Transparencia y trazabilidad: el uso de plataformas de gestión (AD, SISite, SeaSight) y de un buzón central para aprobaciones de accesos privilegiados ayuda a mantener trazabilidad, pero requiere que todas las partes estén alineadas en el flujo y en la documentación de excepciones.
Preparación para el futuro: la necesidad de mapear todas las aplicaciones y de formalizar comités o responsables de matrices indica un paso clave para una madurez mayor en la gestión de accesos.
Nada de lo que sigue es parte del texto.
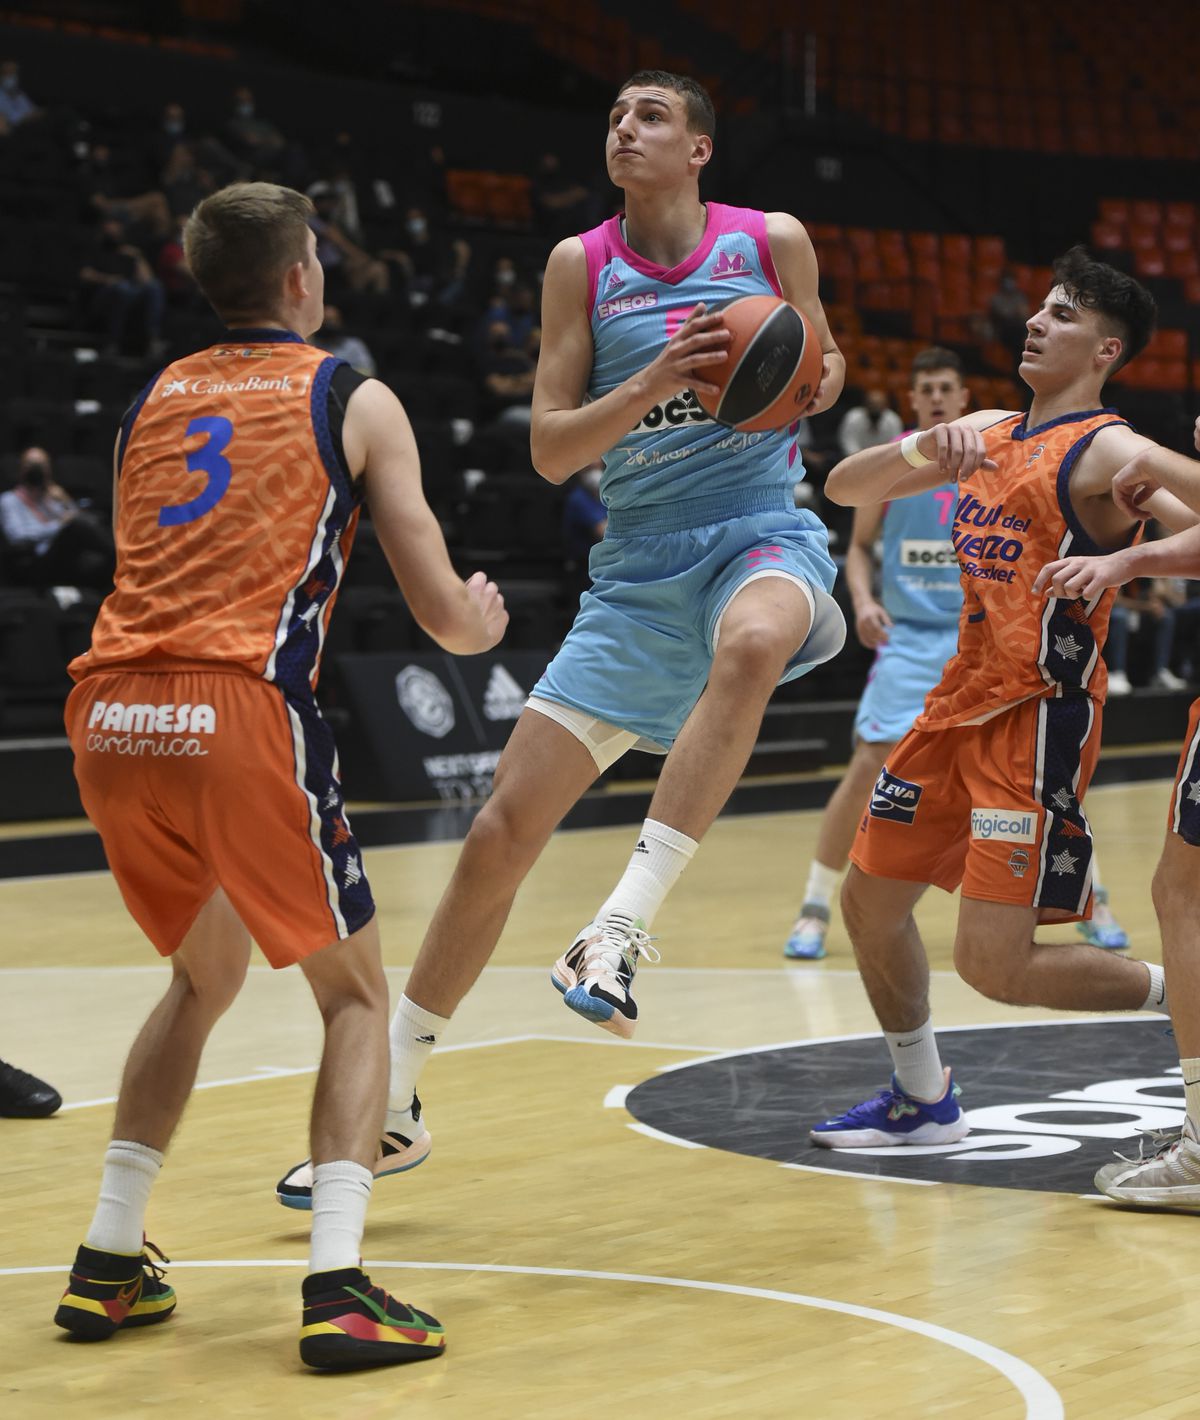 U18 Valencia Basket v U18 Mega SoccerBet Belgrade - Euroleague Basketball 2020-2021 Adidas Next Generation Tournament

La coordinación entre RR. HH., procesos, TI y seguridad debe fortalecerse para reducir retrasos y garantizar cumplimiento continuo.
Proximos pasos acordados
Compartir la minuta y las evidencias solicitadas; avanzar con la recopilación de documentación de lineamientos y políticas.
Coordinar una sesión adicional con el equipo de cuentas privilegiadas (cyberArk) para profundizar en la gestión de privilegios y el control de contraseñas.
Definir y calendarizar sesiones para revisar flujos ABM de alto nivel y, en paralelo, avanzar en la generación de matrices de roles para las aplicaciones críticas y, a futuro, para el total de aplicaciones.
Confirmar horarios y disponibilidad para la próxima semana en la sede y evitar solapar con otras actividades operativas.
Consideraciones finales
La reunión permitió identificar claramente las áreas de mejora y las prácticas actuales en gobernanza y gestión de accesos, destacando la necesidad de documentar con mayor detalle las matrices de roles, fortalecer la trazabilidad y acelerar la actualización de políticas, especialmente para aplicaciones críticas y cuentas privilegiadas. Se acordó un plan de acción para avanzar en estas áreas y fomentar una colaboración más estrecha entre las distintas funciones (RR. HH., procesos, TI y seguridad de la información). Este enfoque holístico es crucial para elevar la madurez de IAM dentro de la organización y para garantizar un equilibrio entre seguridad, cumplimiento y agilidad operativa.